Марийский лесоповал: Врачом за колючей проволокой - [37]

Шрифт
Интервал

— Вы не до конца ответили на мой вопрос,— на этот раз девушка лукаво улыбалась.

— Я вас понял. Мне кажется, что вы человек, с которым можно поделиться своими переживаниями. Боюсь лишь одного...

— А чего боитесь? — прервала она меня.

— Что вам скучно со мной, что мои разговоры вас совершенно не интересуют, и вы лишь ради приличия слушаете меня.— Ответ на этот вопрос должен был решить все мои сомнения, и я с бьющимся от волнения сердцем ожидал его.

Девушка на секунду задумалась, так как прекрасно поняла, что я от нее хотел.

— Напрасно вы так думаете,— ответила она серьезно.— Я бы не задерживалась здесь в амбулатории, если бы мне было скучно.

— Я очень рад.

Валентина сидела напротив меня, а руки ее лежали совсем близко на столе. Словно невзначай я положил свою правую руку рядом, а потом приблизил ее, пока она не коснулась руки девушки. Валя не отодвинула ее. Тогда я очень нежно погладил ее. Девушка слегка покраснела, но не отреагировала, словно ничего не случилось.
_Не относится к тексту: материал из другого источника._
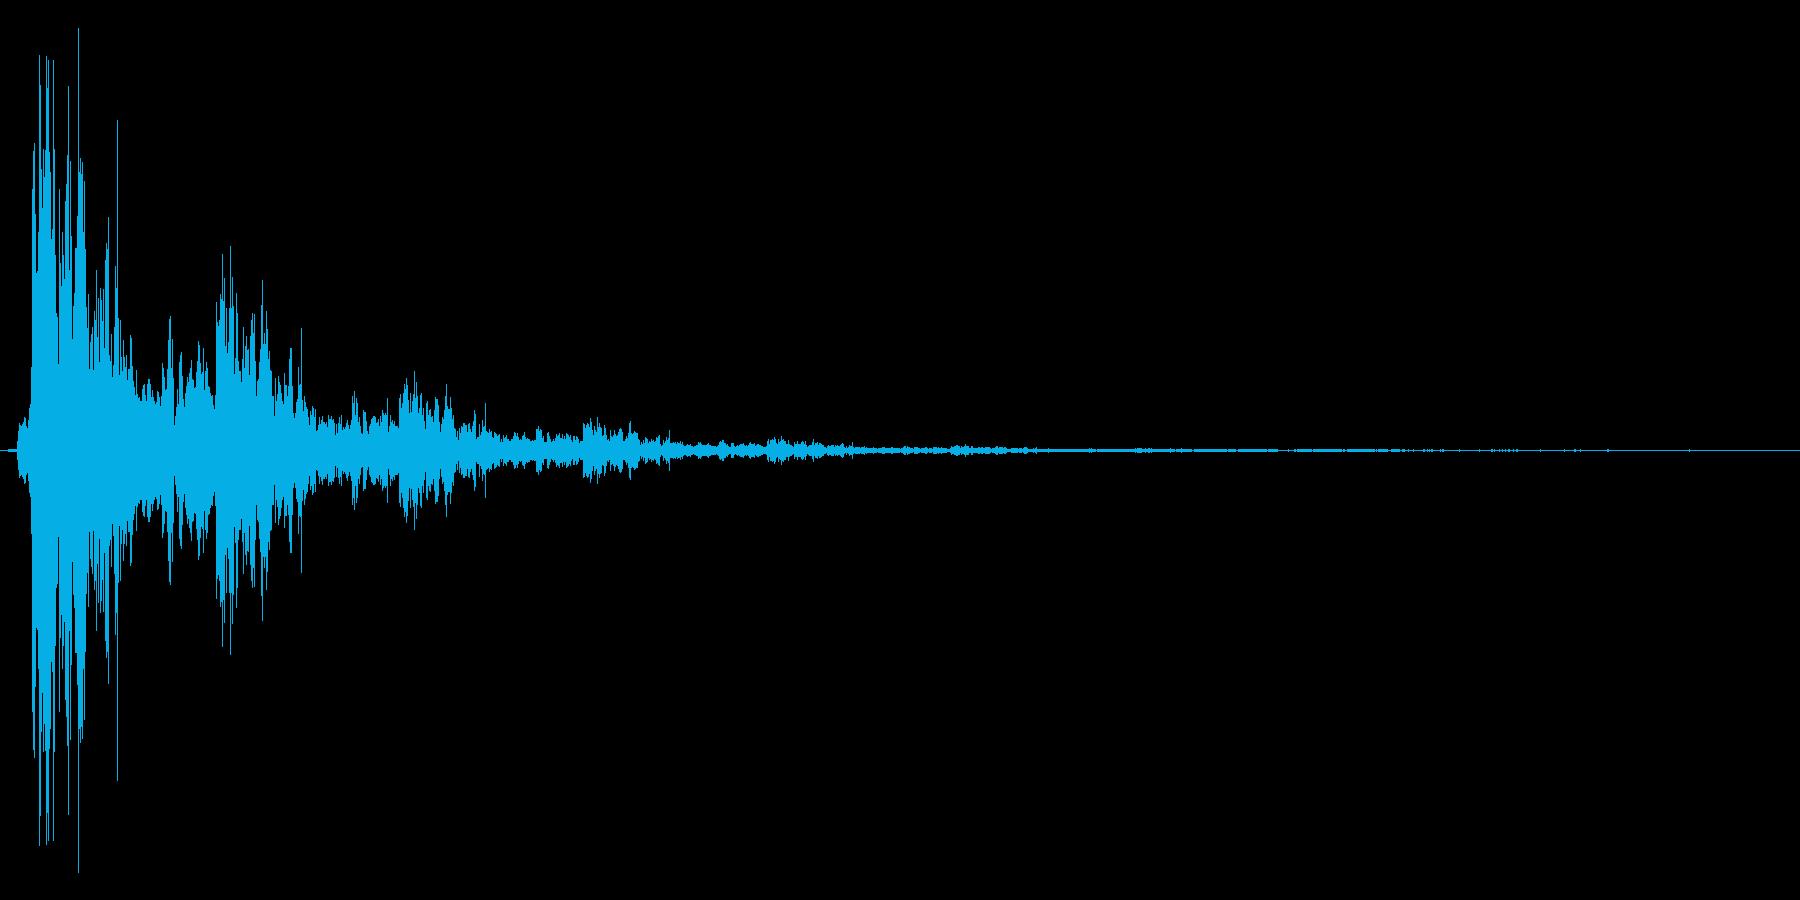 シャン。きらめく・テロップ音(鈴・高)の再生済みの波形
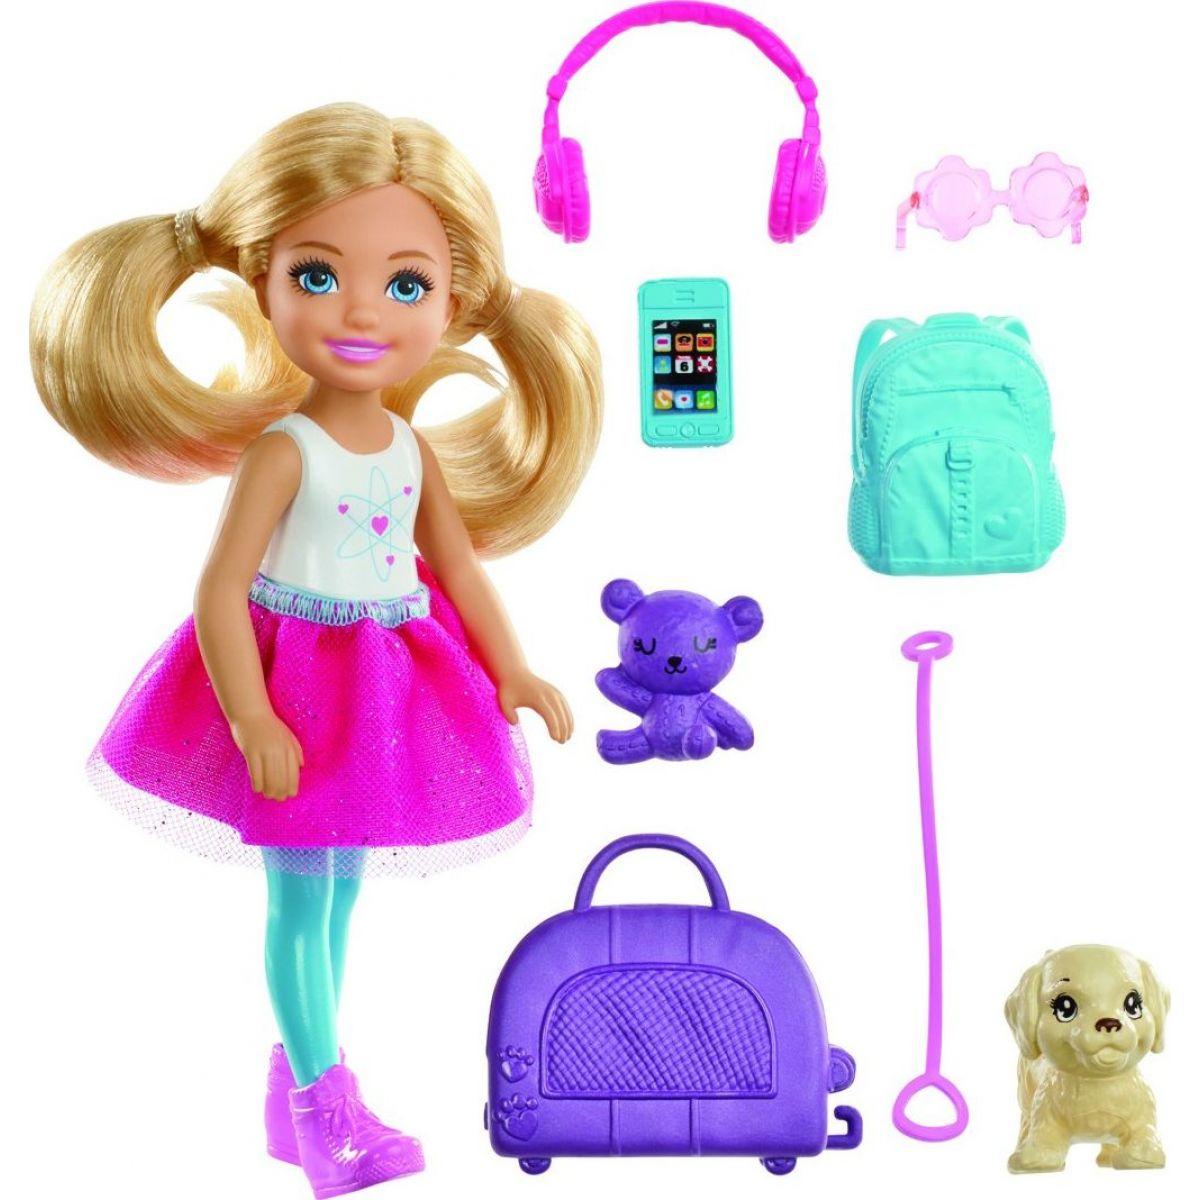 Mattel Barbie Chelsea cestovateľka

Первая маленькая победа была достигнута. А может быть, это вовсе и не было победой? Может быть, Валентина просто не хотела огорчать меня и портить отношения?

Открыто выразить свои чувства я не хотел, и это можно было делать лишь в том случае, если у меня появится абсолютная уверенность, что она разделяет их. Унизительно работать с человеком, который знает, что ты его любишь, но на это он не отвечает. По этой причине я решил действовать очень осторожно. Но одно обстоятельство было не в мою пользу и вызывало у меня неуверенность в успехе. Валентине Федоровне, как вольнонаемной, запрещался любой контакт с заключенными, даже самый безобидный. Последствия могли быть самыми серьезными, вплоть до снятия с работы и отдачи под суд.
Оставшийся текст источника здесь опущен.